Master Linux Firewalls: Complete iptables & firewalld Configuration Guide

iptables and firewalld configuration complete guide

1. Firewall Basics

1.1 What is a firewall

Firewall is a network security device that monitors and controls traffic based on predefined rules. Linux mainly has two firewall solutions: iptables and firewalld.

1.2 iptables vs firewalld

iptables : traditional Linux firewall tool that directly manipulates the netfilter framework.

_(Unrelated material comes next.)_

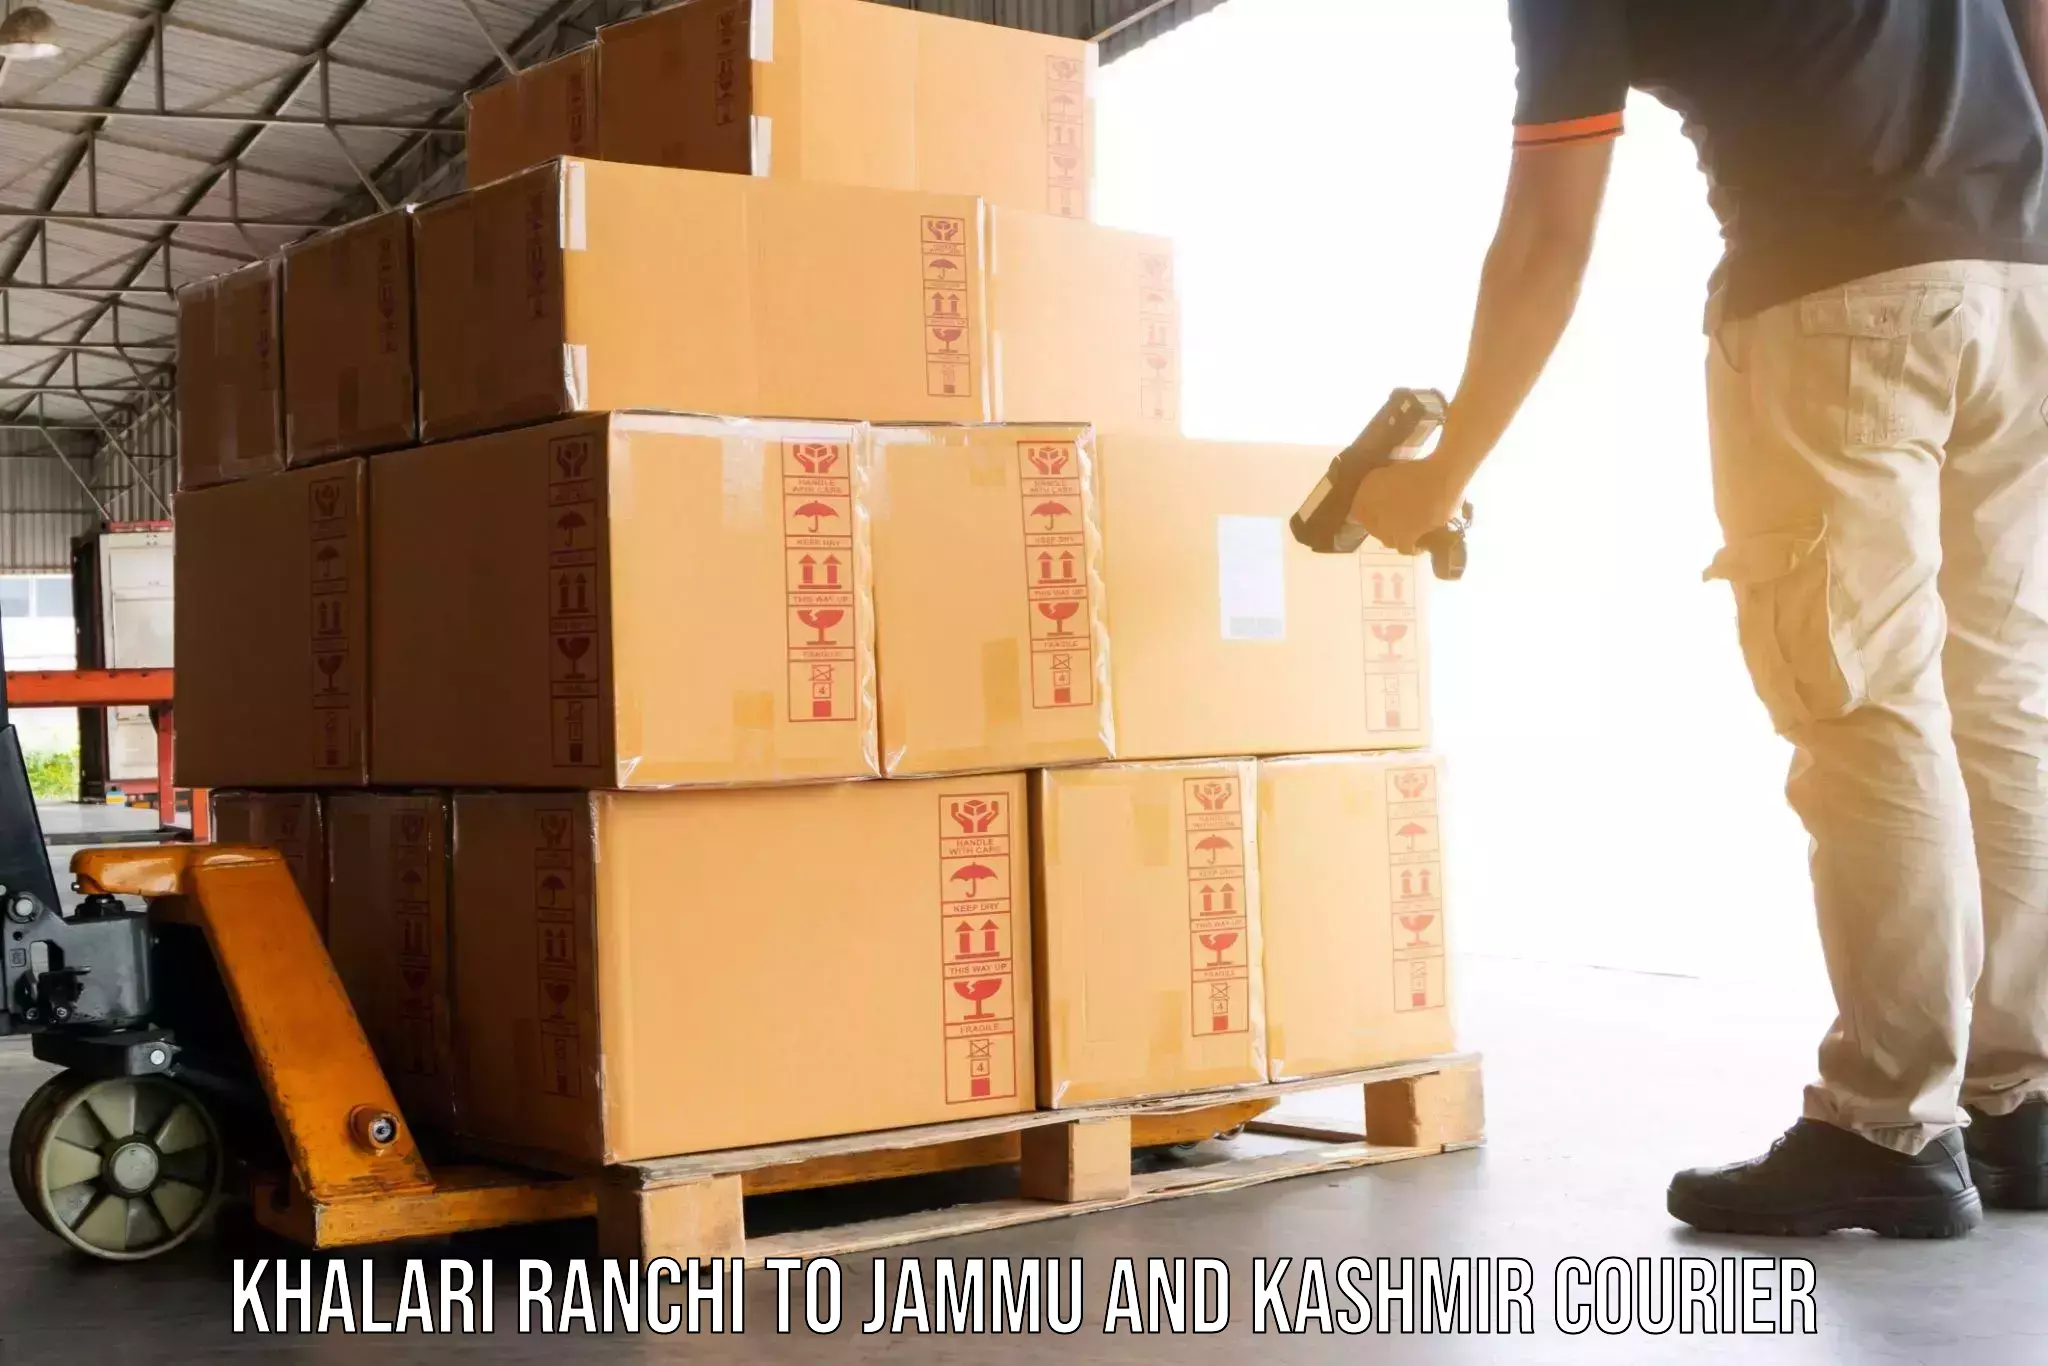 Professional packing services Khalari Ranchi to Sunderbani

firewalld : dynamic firewall manager offering higher‑level abstraction and dynamic configuration.

2. iptables Details

2.1 Basic Concepts

2.1.1 Tables

filter : default table for filtering packets.

nat : for network address translation.

mangle : for modifying packet header fields.

raw : for connection tracking configuration.

2.1.2 Chains

INPUT : handles inbound packets.

OUTPUT : handles outbound packets.

FORWARD : handles forwarded packets.

PREROUTING : processes packets before routing decision.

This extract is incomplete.